[PATCH v2] thunderbolt: prevent XDomain delayed work use-after-free on disconnect

[Michael Bommarito]

tb_xdp_handle_request() runs on system_wq and queues
xd->state_work via queue_delayed_work() in three request handlers:
PROPERTIES_CHANGED_REQUEST, UUID_REQUEST (via start_handshake),
and LINK_STATE_CHANGE_REQUEST.  Similarly, update_xdomain() queues
xd->properties_changed_work when local properties change.

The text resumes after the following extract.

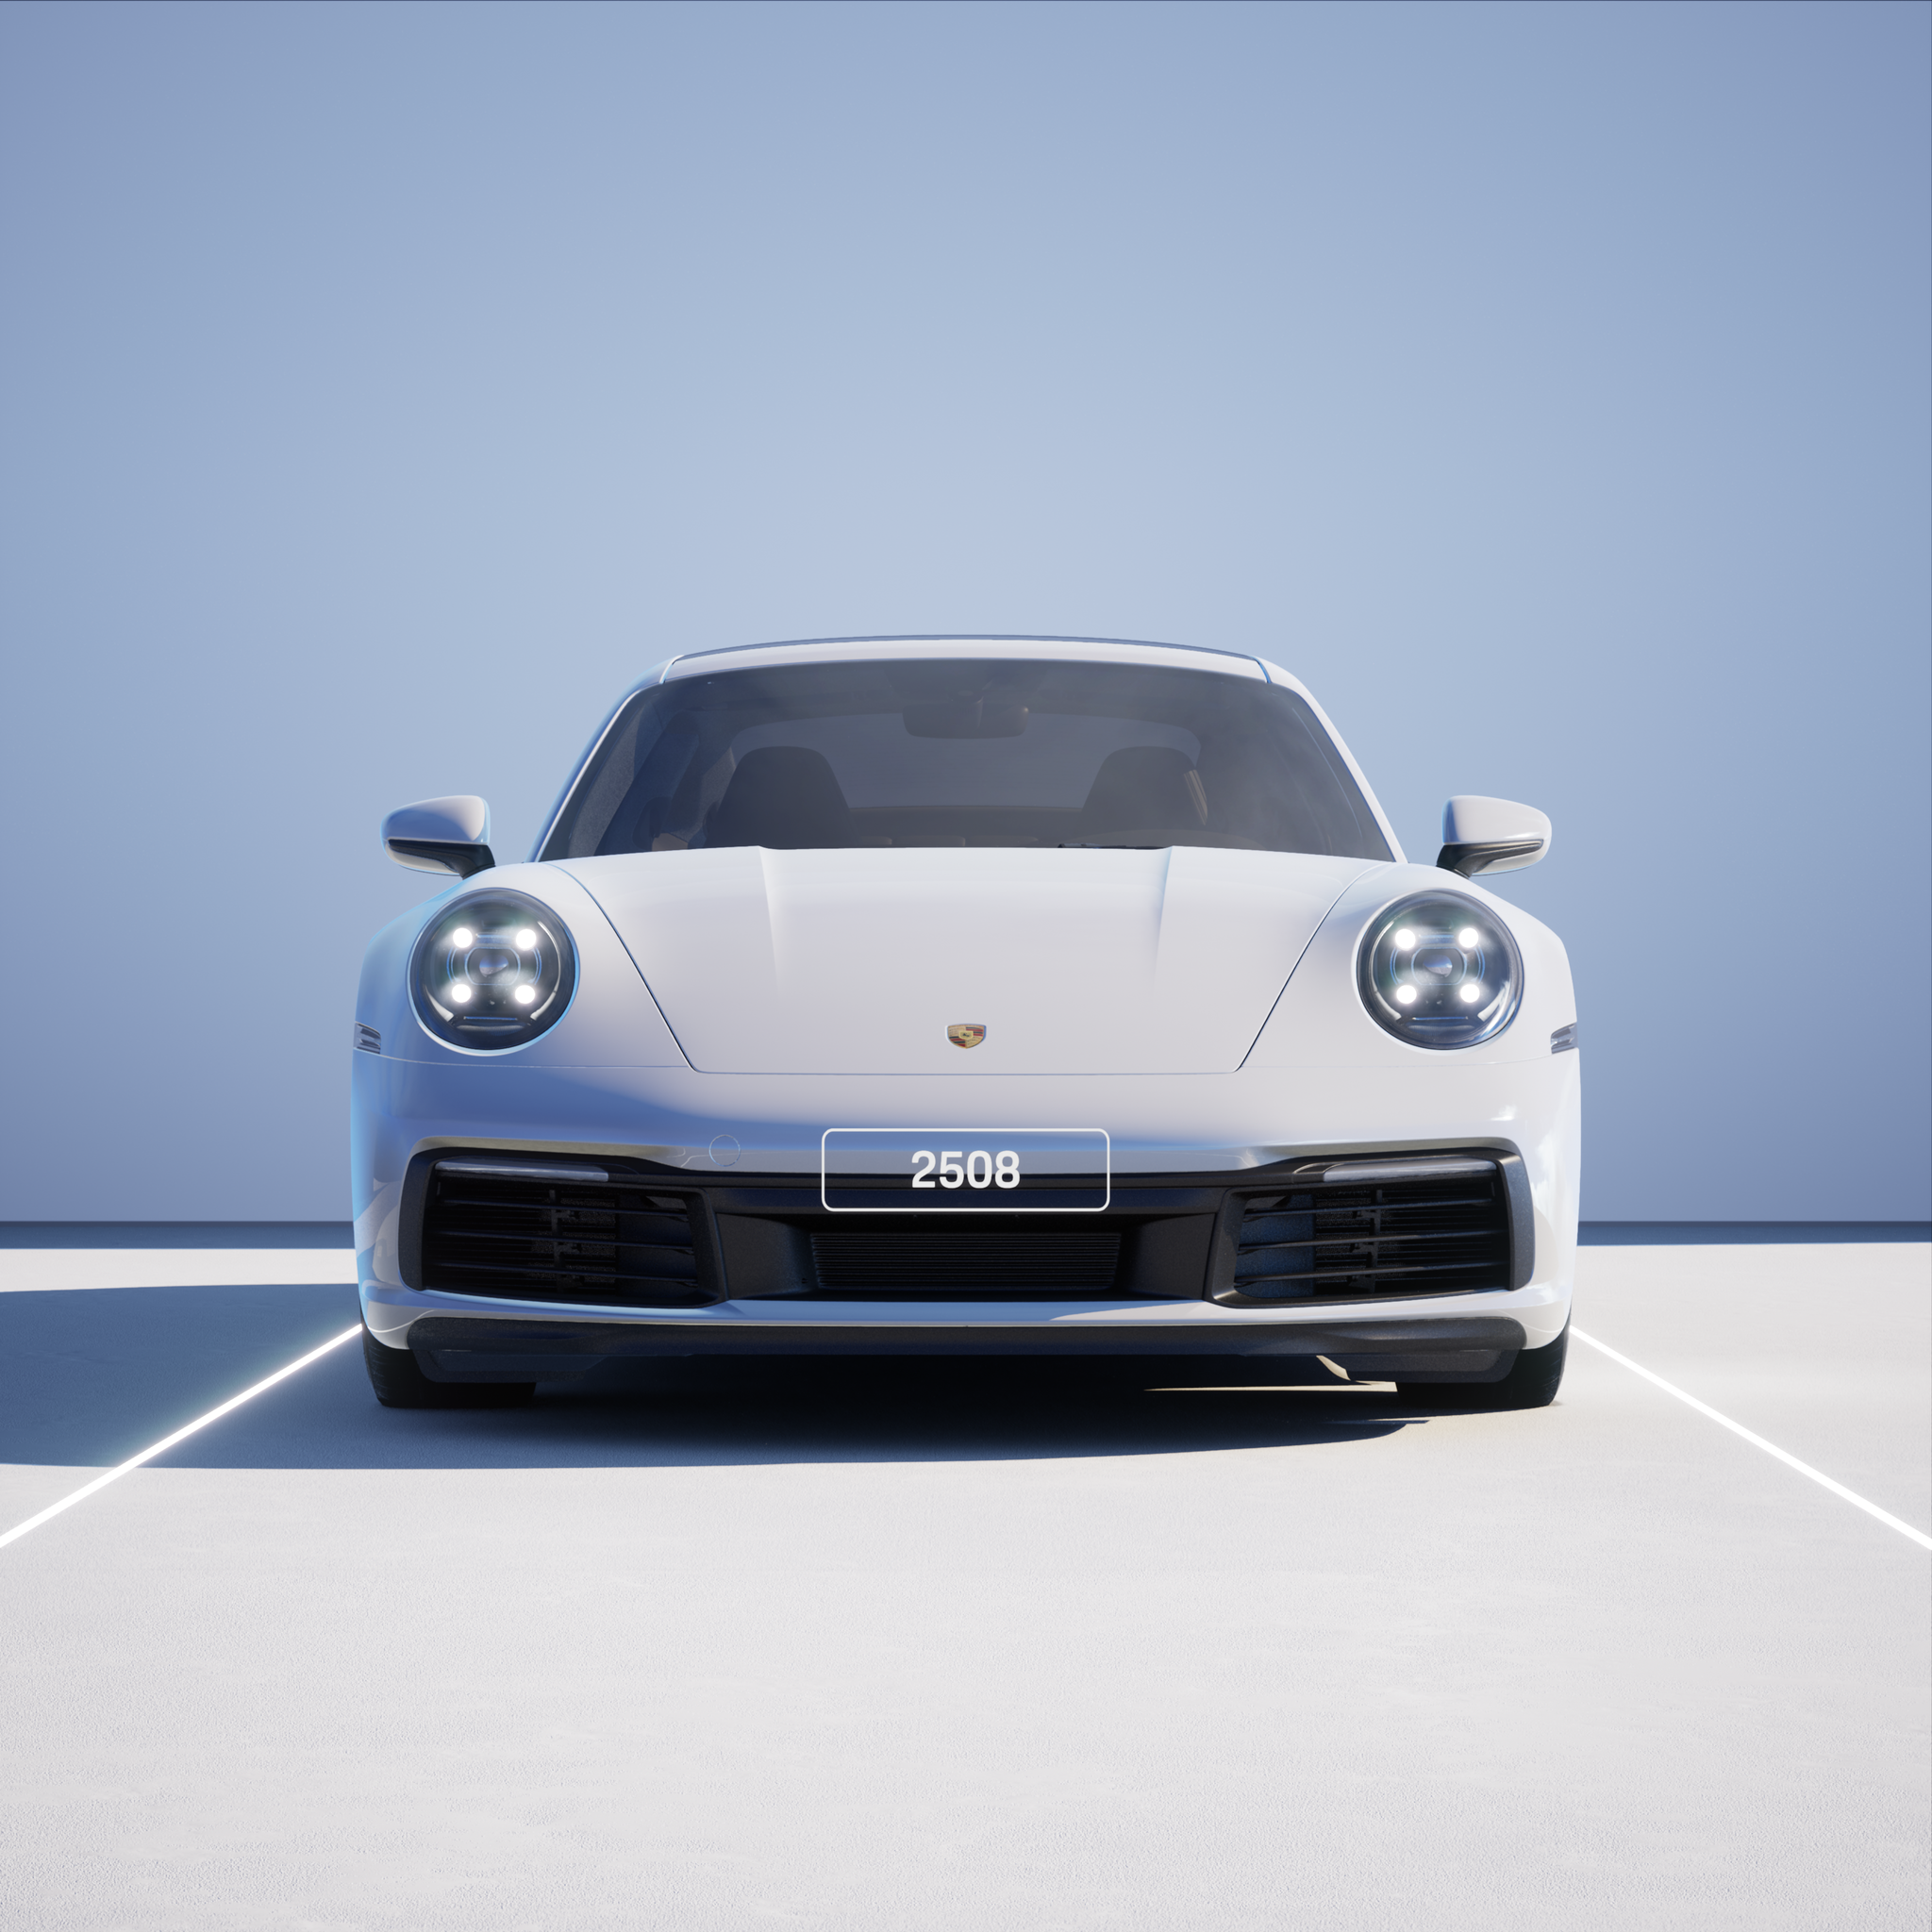 The PORSCHΞ 911 2508 image in phase
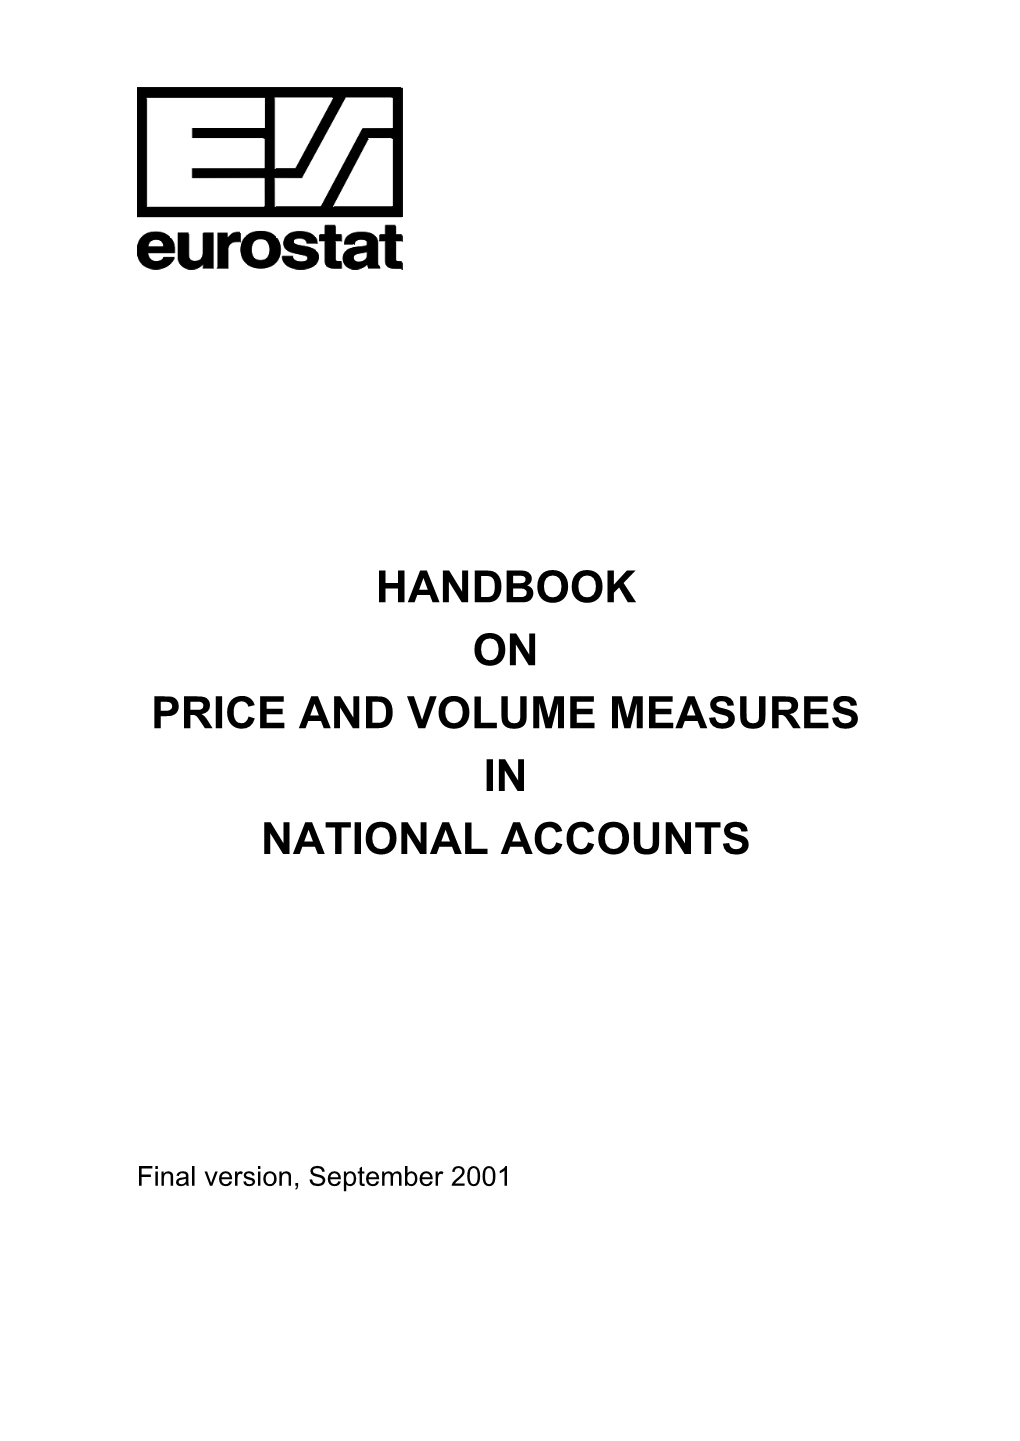 Handbook on Price and Volume Measures in National Accounts

Concurrently, tb_xdomain_remove() calls stop_handshake() which does
cancel_delayed_work_sync() on both delayed works.  Later,
tb_xdomain_unregister() calls device_unregister() which eventually
frees the xdomain.  Since commit 559c1e1e0134 ("thunderbolt: Run
tb_xdp_handle_request() in system workqueue") moved the request
handler off tb->wq, the handler and the remove path are no longer
serialized.  If queue_delayed_work() executes after
cancel_delayed_work_sync() but before the xdomain is freed, the
delayed work fires on a freed object.

Add xd->removing that tb_xdomain_remove() sets under xd->lock
before calling stop_handshake().  Each external queue site holds
the same lock and checks removing before calling
queue_delayed_work().  This provides the mutual exclusion needed:
either the queue site acquires the lock first and queues work that
the subsequent cancel will see, or the remove path acquires the
lock first and the queue site observes removing == true and skips
the queue.

Fixes: 559c1e1e0134 ("thunderbolt: Run tb_xdp_handle_request() in system workqueue")
Cc: stable@xxxxxxxxxxxxxxx
Assisted-by: Claude:claude-opus-4-7
Signed-off-by: Michael Bommarito <michael.bommarito@xxxxxxxxx>
---
v2: Rebased onto thunderbolt.git/next per Mika's request. Verified
    the race persists on next: tb_xdp_handle_request still runs on
    system_wq, the remove/unregister split does not add
    synchronization with the queue sites. Updated commit message to
    reflect that tb_xdomain_unregister() now does the
    device_unregister (split from tb_xdomain_remove on next).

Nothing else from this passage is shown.